For instance, in the landmark case of Trevor v Whitworth, (1887) 12 App Cas 409, the House of Lords held that the powers of the directors of a company are not strictly limited by the articles of association, and they may exercise their discretion in a manner that is consistent with the objects of the company.

In other words, while the general meeting still retains certain powers and responsibilities, such as the appointment and removal of directors, the passage of resolutions, and the approval of the company's accounts, the role of the directors has been expanded and they are now seen as playing a critical role in the management of the company. The law recognizes that directors must be allowed to exercise their powers and discretion in the best interests of the company, subject to certain limits imposed by the Companies Act, 2013 and other applicable laws.

In which cases it cannot be the rule that the directors are the primary organs of the company?

The idea that directors are the primary organs of a company is subject to some limitations and exceptions. There are certain cases where this rule may not apply, and the directors may not be considered the primary organs of the company. These cases include:

Fraudulent Conduct: If the directors are found to be involved in fraudulent conduct or any illegal activities, their actions will not be considered the actions of the company and the rule may not apply.
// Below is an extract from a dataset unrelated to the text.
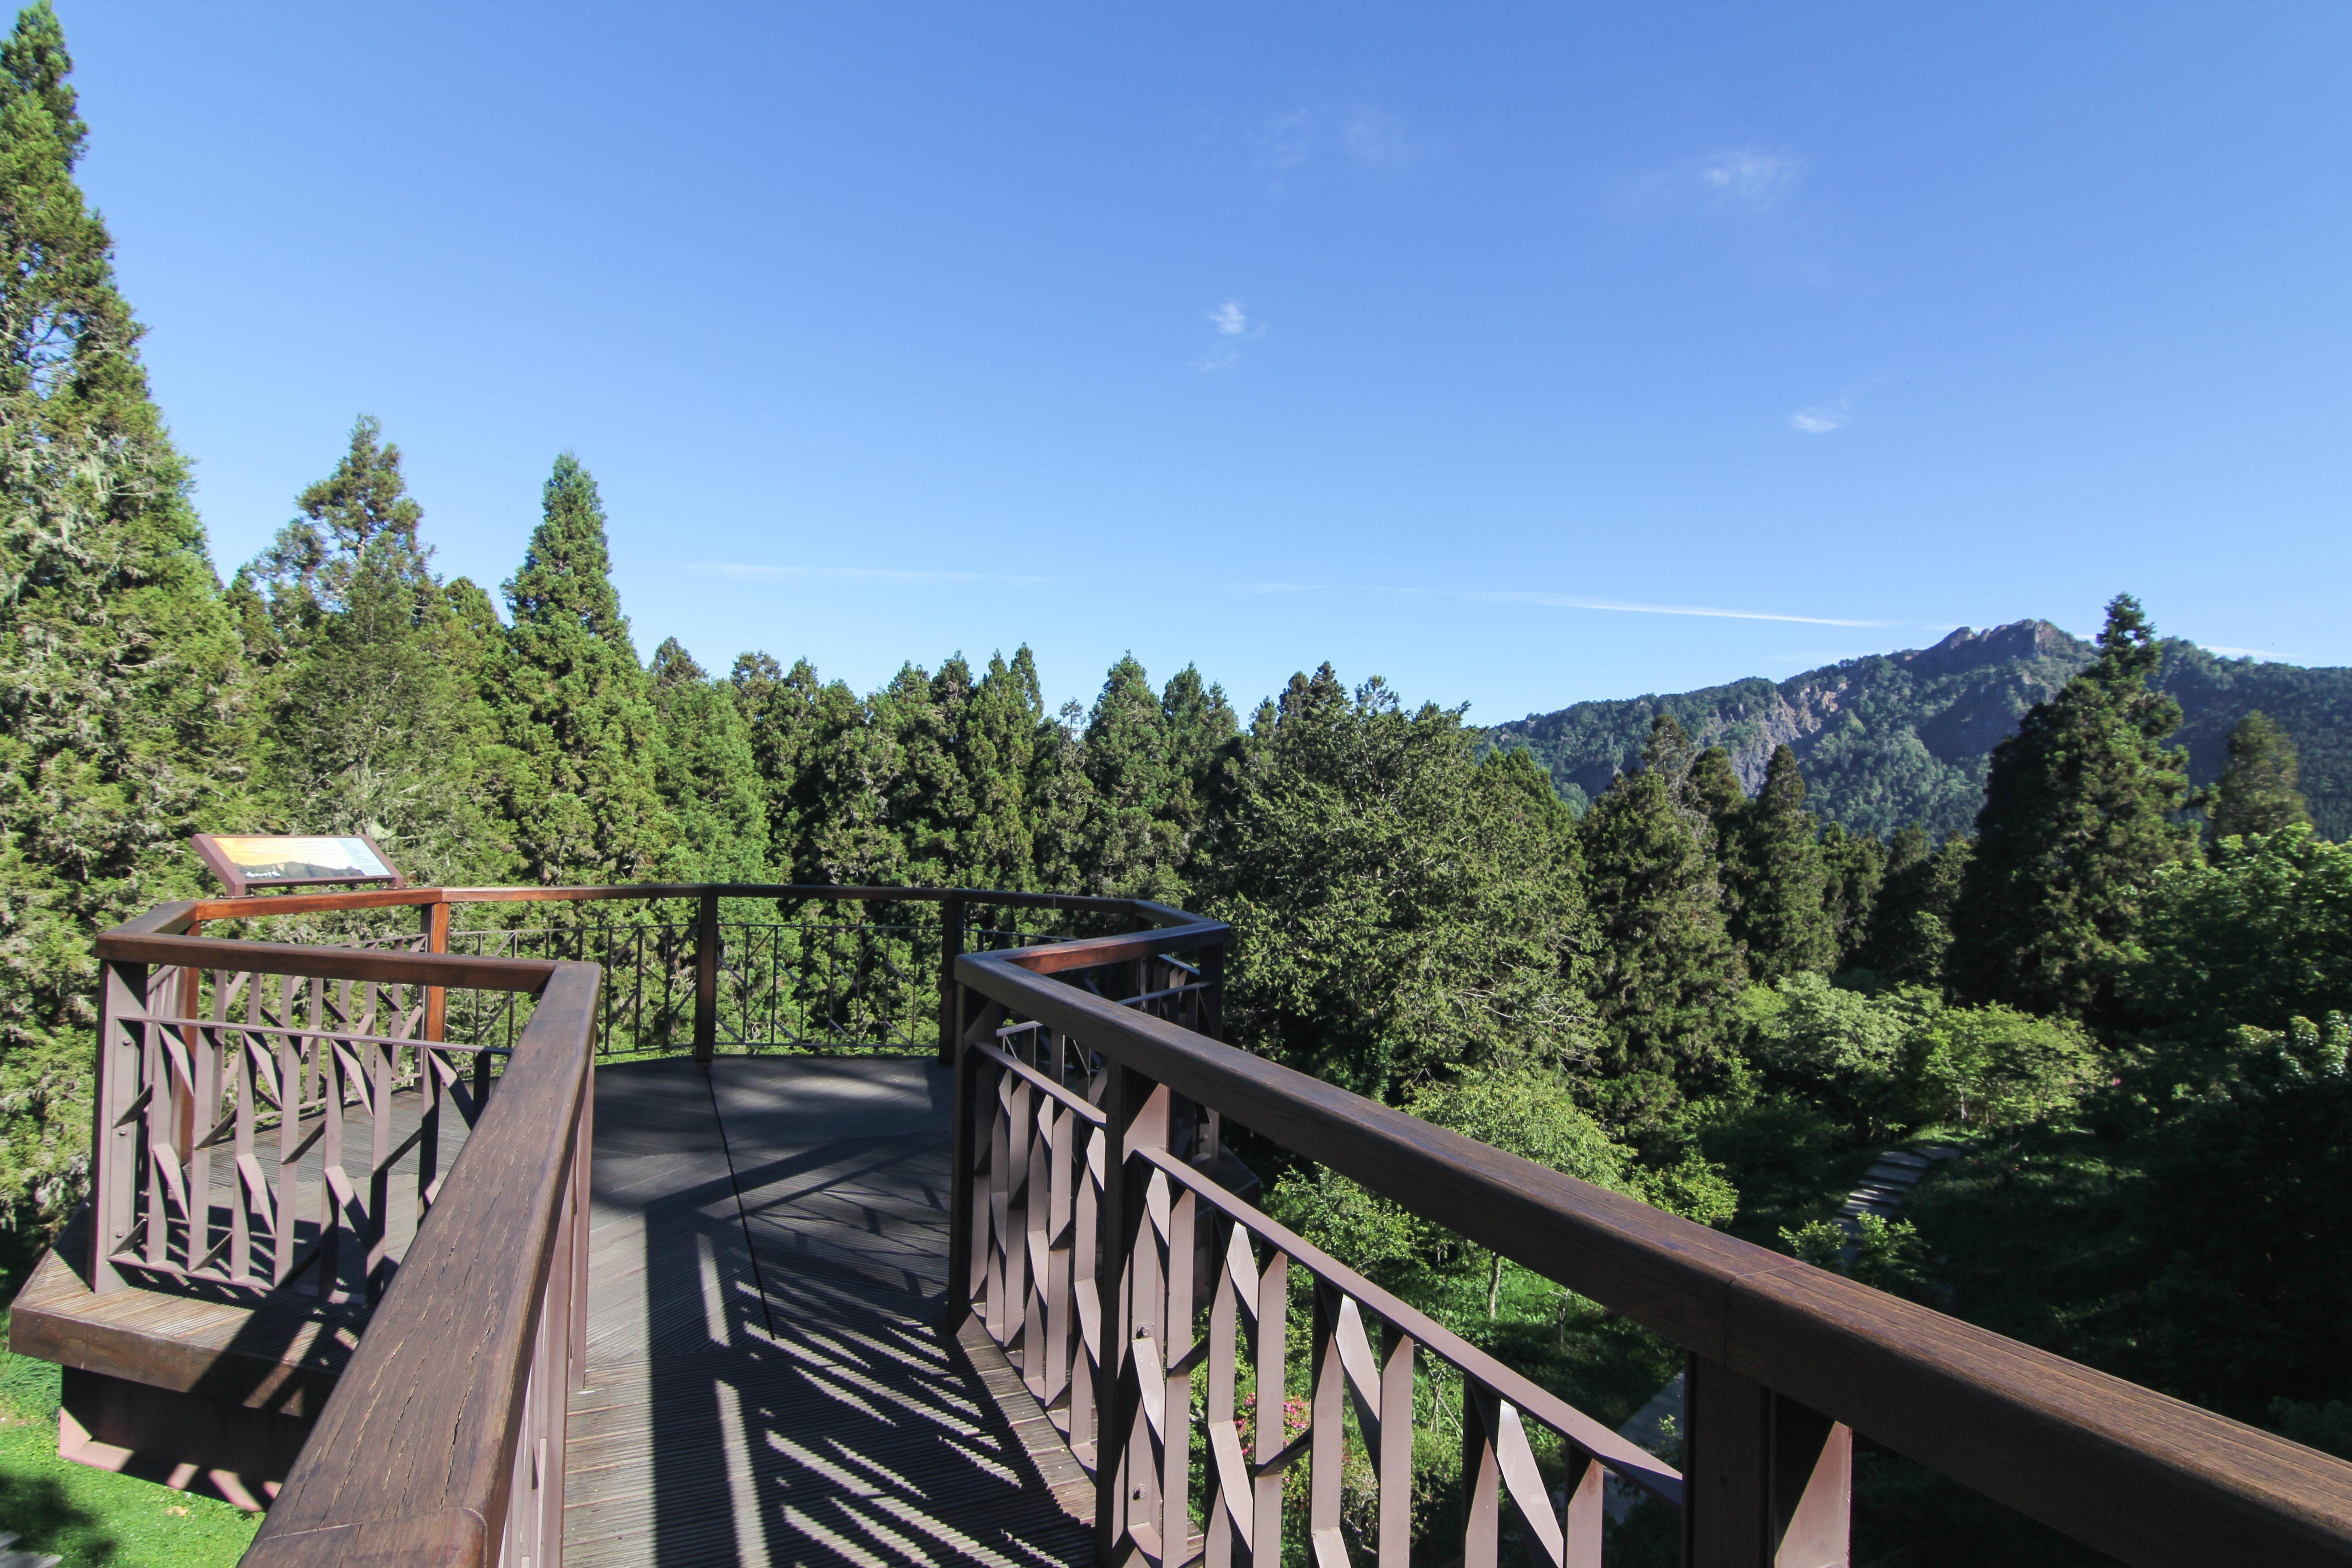 阿里山森林遊樂區總面積約1400公頃,四周高山環繞、氣溫涼爽,景觀氣象萬千。圖/觀光局

Conflicts of Interest: In cases where directors have a conflict of interest, their actions may not be considered the actions of the company. For example, if a director has a personal financial interest in a transaction, their actions may not be considered to be the actions of the company.

Ultra Vires Actions: If the directors take actions that are beyond the scope of their authority as specified in the company's articles of association, those actions may not be considered the actions of the company.

Mismanagement: If the directors are found to be guilty of mismanagement or oppressive behaviour towards the company or its shareholders, their actions may not be considered the actions of the company.

Derogation of Duties: If the directors fail to perform their duties and responsibilities as specified by the Companies Act or the company's articles of association, their actions may not be considered the actions of the company.

While directors may generally be considered the primary organs of a company, their actions and decisions may not always be considered the actions of the company in certain circumstances, such as fraudulent conduct, conflicts of interest, ultra vires actions, mismanagement, or derogation of duties.